1.1 Design Principles
- One manifest per dataset. The manifest is authoritative for file-level metadata.
- YAML preferred. JSON with identical schema is also accepted.
- No duplication with record columns. Metadata that doesn’t change per-row (device, frame, carrier state) lives in the manifest, not in columns.
- Inheritance. Row-level columns MAY omit fields declared at manifest level; consumers resolve by falling back to the manifest.
1.2 Manifest Structure Overview
graph TD
subgraph MANIFEST["manifest.yaml"]
ID["Identification\ndataset_id, schema_version\ntitle, slug, country, license"]
SRC["Source (provenance)\ntype, url, doi, citation"]
HW["Hardware\nvendor, model, class\ndevices list"]
SENS["Sensors\ngps, accelerometer\ngyroscope, magnetometer, obd2"]
ACC["AccPeriods\nframe: raw/compensated/partial\nresidual_g, detection_method"]
CS["Carrier States\ntrip_carrier_states\ncarrier_state_summary"]

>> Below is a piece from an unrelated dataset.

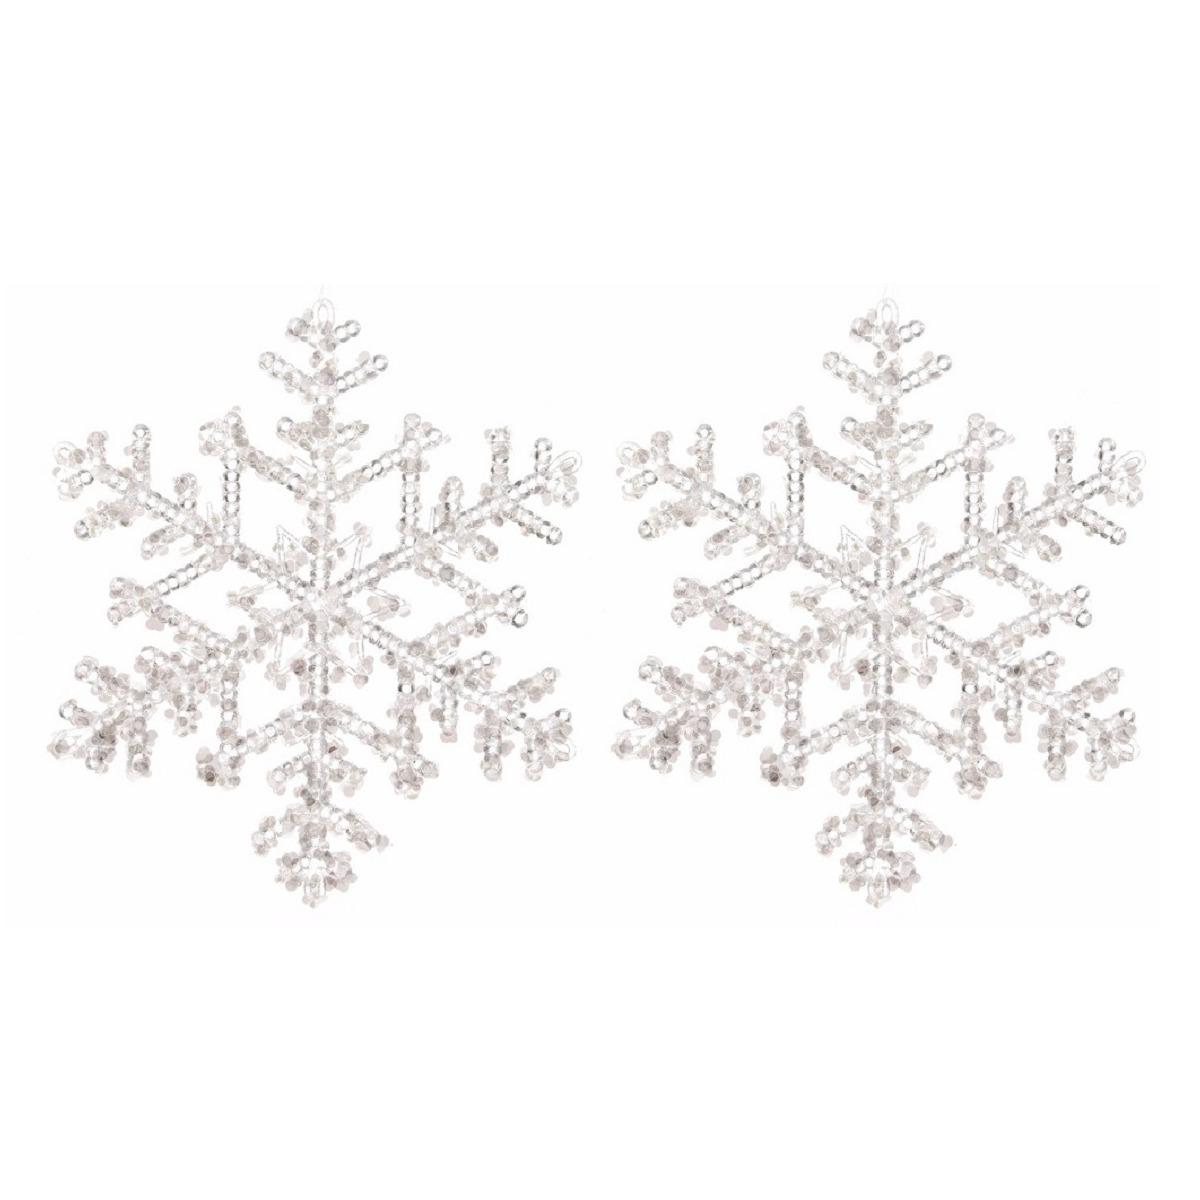 4x Kerstboomdecoratie hanger sneeuwvlok transparant 18 cm

LOC["Location & Period\ncity, region, lat/lon center\nstart, end"]
VOL["Volume\nn_devices, n_trips\nn_messages, distance_km"]

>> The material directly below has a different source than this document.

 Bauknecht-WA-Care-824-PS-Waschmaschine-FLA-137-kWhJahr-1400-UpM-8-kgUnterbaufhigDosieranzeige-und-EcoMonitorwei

DATA["Data Files\npath, format, size_mb"]
end
ID --> SRC --> HW --> SENS --> ACC --> CS --> LOC --> VOL --> DATA
style MANIFEST fill:#e3f2fd,stroke:#1565c0
style ID fill:#fff9c4,stroke:#f9a825
style SRC fill:#e8f5e9,stroke:#2e7d32
style HW fill:#fce4ec,stroke:#c62828
style SENS fill:#bbdefb,stroke:#1565c0
style ACC fill:#fff3e0,stroke:#e65100
style CS fill:#f3e5f5,stroke:#6a1b9a
style LOC fill:#c8e6c9,stroke:#2e7d32
style VOL fill:#e0e0e0,stroke:#424242
style DATA fill:#ffecb3,stroke:#ff8f00
2. Directory Structure
<dataset_slug>/
├── manifest.yaml # This specification
├── device1.parquet # Telemachus data file(s)

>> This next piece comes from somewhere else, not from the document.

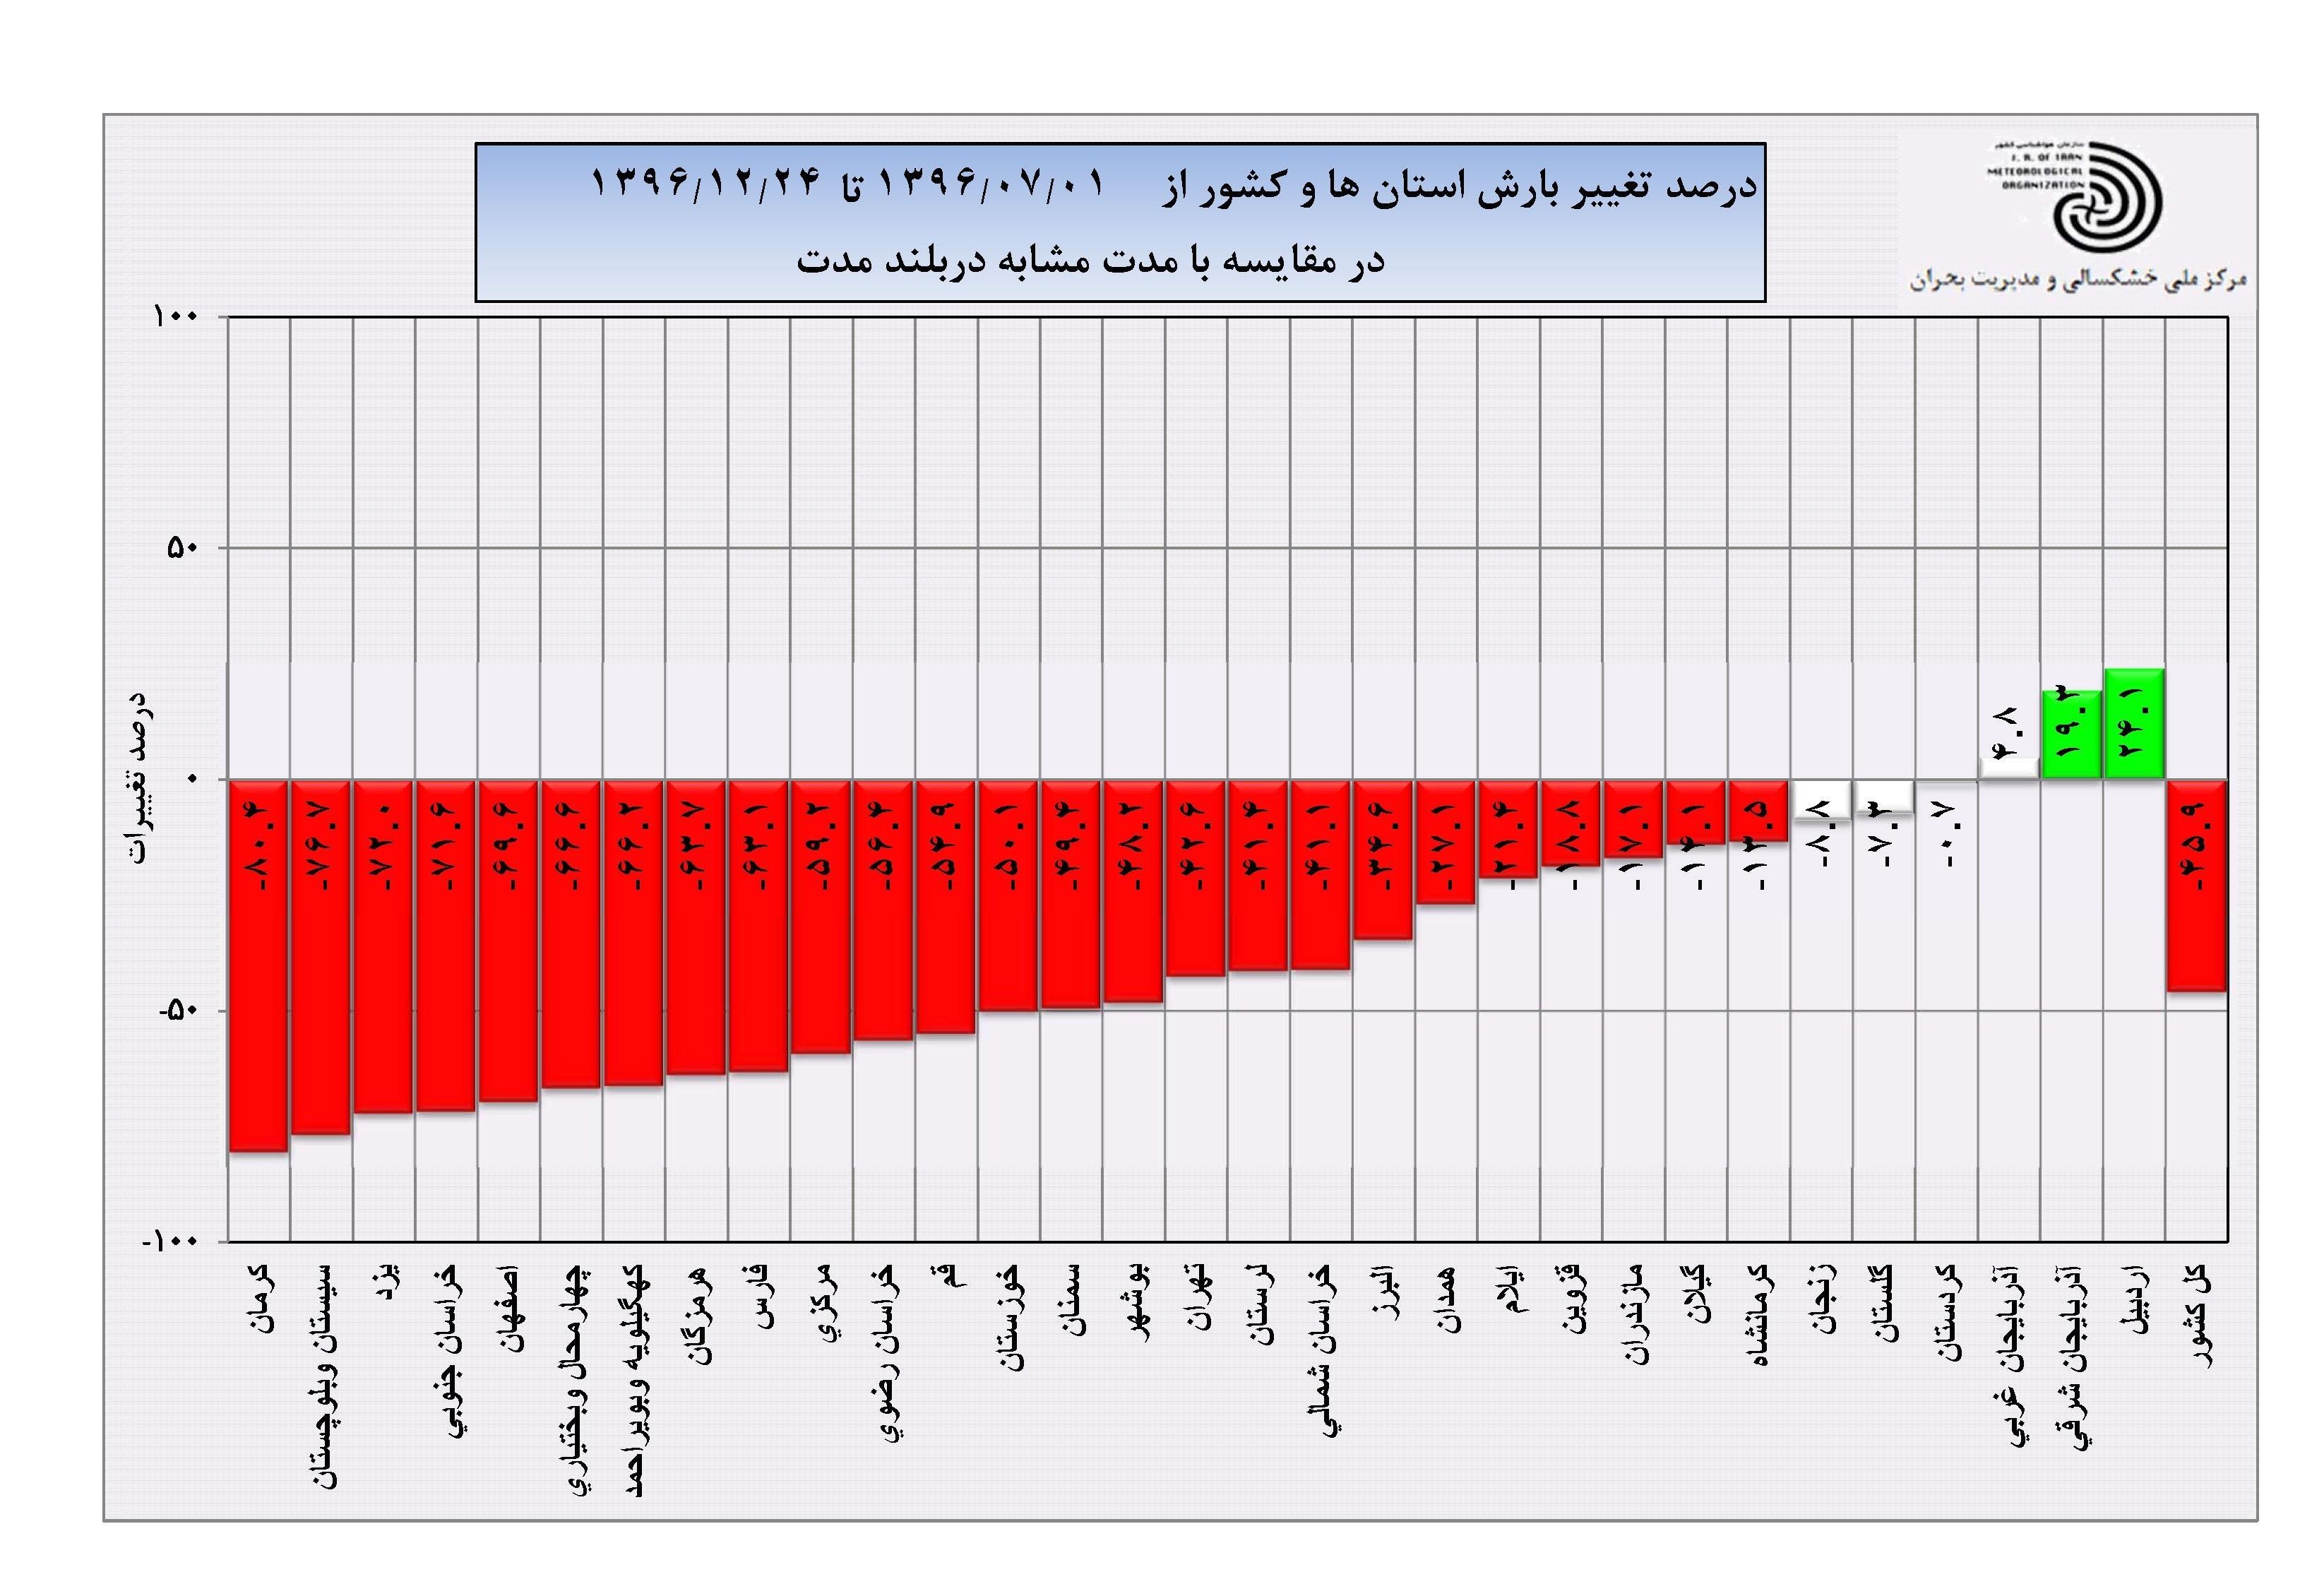 بارش فقط در ۳ استان کشور مثبت است! +نمودار

├── device2.parquet # (one per device or one combined)
└── README.md # Optional human-readable description
For datasets with restricted licenses (e.g. CC-BY-NC-ND), raw data MUST NOT be committed to git. Instead, the manifest points to the download source:
<dataset_slug>/
├── manifest.yaml # Points to external source
├── README.md # Download instructions
├── download.sh # Script to fetch from official source
└── adapter.py # Conversion code (MIT licensed)
3. Manifest Schema
3.1 Required Fields
| Field | Type | Description |
|---|---|---|
dataset_id | string | Globally unique identifier. Pattern: <country>_<slug>_<year> |
schema_version | string | Telemachus spec version, e.g. "telemachus-0.8" |
profile | string | Device capability profile: "core", "imu", or "full" (see SPEC-01 §2.2). Default: "imu" |
source | object | Provenance block (see §3.5) |
3.2 Identification Block (recommended)
title: "AEGIS Automotive Sensor Data (Graz)"
slug: aegis_graz
country: AT # ISO 3166-1 alpha-2
license: CC-BY-4.0 # SPDX identifier
license_warning: "" # Free-text caveat if restrictive
3.3 Location & Period
location:
city: "Graz"
region: "Styria"
lat_center: 47.0707
lon_center: 15.4395
period:
start: 2017-01-01T00:00:00Z
end: 2017-12-31T23:59:59Z
notes: "Academic data collection campaign"
3.4 Hardware Block
Describes the telematics device(s) that produced the data.
hardware:
vendor: "Teltonika"
model: "FMC880"
class: commercial # commercial | research | smartphone
protocol: "codec_8e" # optional
devices:
- name: device_1
imei: "IMEI_EXAMPLE_1" # or other unique ID
fleet_id: 1001 # optional
Device inheritance rule (§4.1): if the manifest declares exactly one
device, its name (or imei) is the canonical device_id for all
rows that omit it.
graph TD
subgraph INHERIT["Device ID Inheritance"]
MANIFEST_1["Manifest declares\n1 device"]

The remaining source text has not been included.